# Clean wax off cast iron stove



## Mettlemickey (Dec 9, 2014)

Hi, my wife put some glass tea light holders on top of the stove so she could melt the remnants of the wax before cleaning them out.

It looks like there's a waxy deposit on the stove top where they were, i assume its wax...

Any ideas how i could get this off?

Thanks
JC


----------



## branchburner (Dec 9, 2014)

I expect it will burn off in time... especially next time you forget to shut the air back and push the stove too hot by accident.

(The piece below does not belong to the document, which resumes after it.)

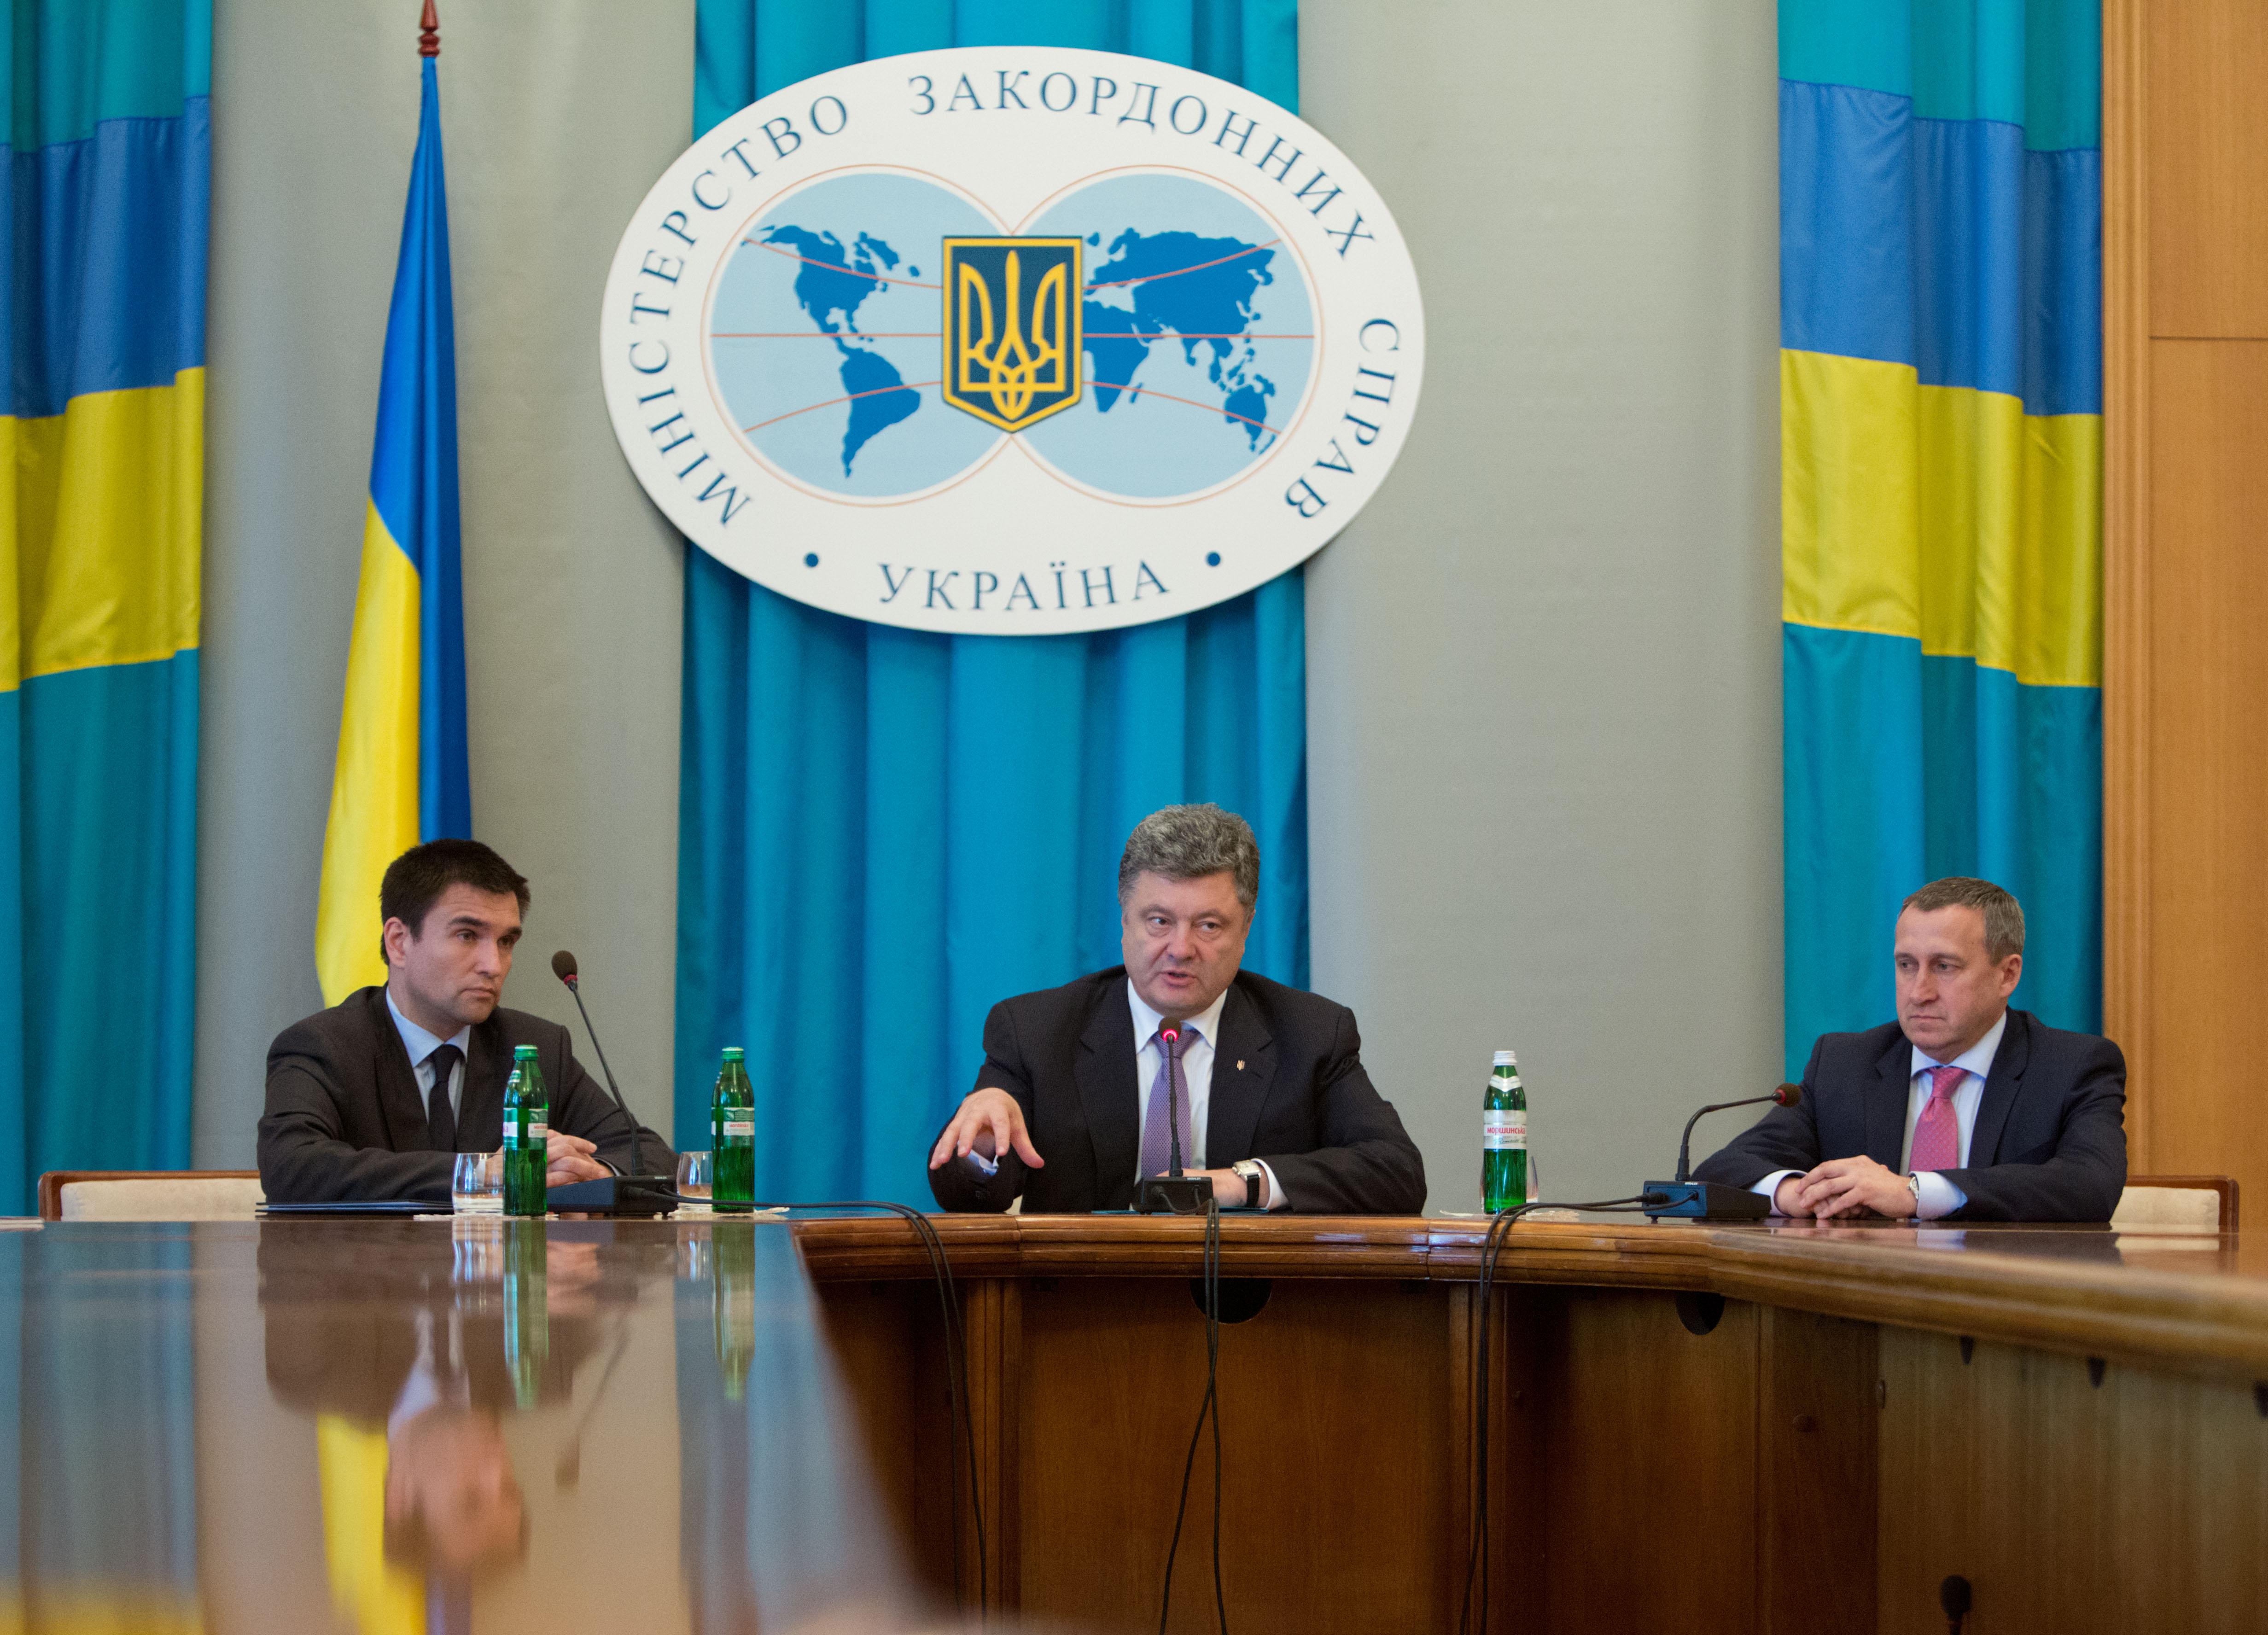 Новый глава МИД Украины Павел Климкин, президент Украины Петр Порошенко и бывший глава МИД Андрей Дещица (слева направо) во время встречи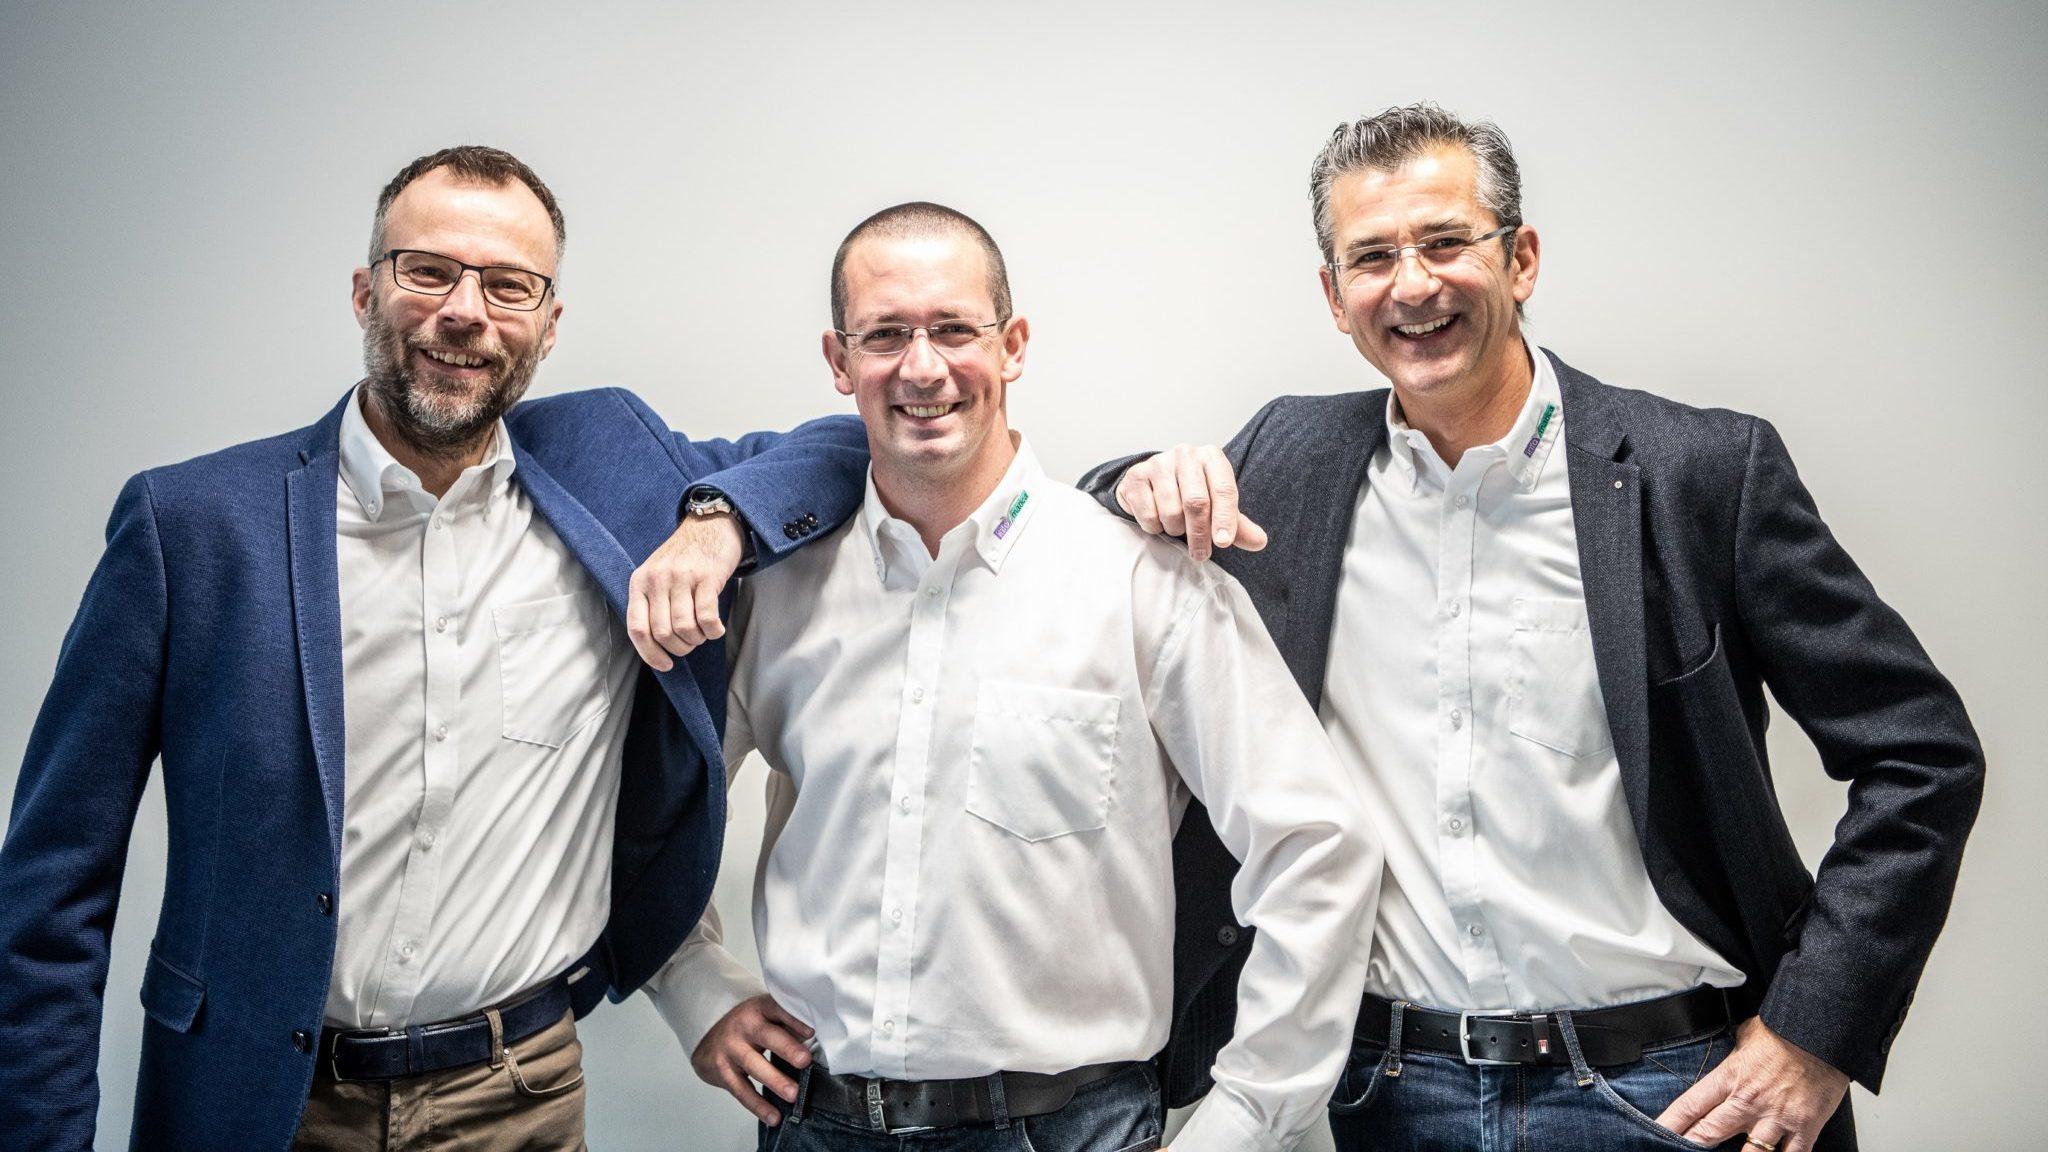 v. l. n. r.: Andrea Schlegel (Geschäftsführer & Mehrheitsaktionär), Florian Käser (Leiter Betrieb), Bruno Rüegg (Stv. Geschäftsführer / Leiter Kundenbetreuung)

As for spilling melting wax over all sorts of things in the house, I'm sorry, but your wife couldn't hold a candle to mine.


----------



## SXIPro (Dec 9, 2014)

branchburner said:


> I expect it will burn off in time... especially next time you forget to shut the air back and push the stove too hot by accident.
> 
> As for spilling melting wax over all sorts of things in the house, I'm sorry, but your wife couldn't hold a candle to mine.


 
Have her confine her hair removal rituals to the bathroom.


----------



## toddnic (Dec 9, 2014)

It should burn off.  I'd see how much is left after a few fires. You would be taking a chance using a solvent or abrasive, in that it could potentially hurt the finish.


----------



## FionaD (Dec 9, 2014)

.... Or, when the stove top is just warm, press a paper towel into the warmed wax and it will absorb it.


----------



## Mettlemickey (Dec 10, 2014)

Thanks everyone, a nice hot fire and a couple of paper towels it is tonight then.


----------



## FionaD (Dec 10, 2014)

Let us know if it helps! 

Speaking as a confirmed candle wax spiller myself, a version of this principle certainly works for getting wax off a fabric etc, lay paper towel over the stain and hold a hot iron there for a few secs..


----------



## Mettlemickey (Dec 12, 2014)

Hi Folks, haven't tried the paper towels but the heat of the fire seems to have burned it away. Thanks for all the advice.


----------



## FionaD (Dec 12, 2014)

Great!


----------



## Carrieleigh (Jan 27, 2016)

toddnic said:


> It should burn off.  I'd see how much is left after a few fires. You would be taking a chance using a solvent or abrasive, in that it could potentially hurt the finish.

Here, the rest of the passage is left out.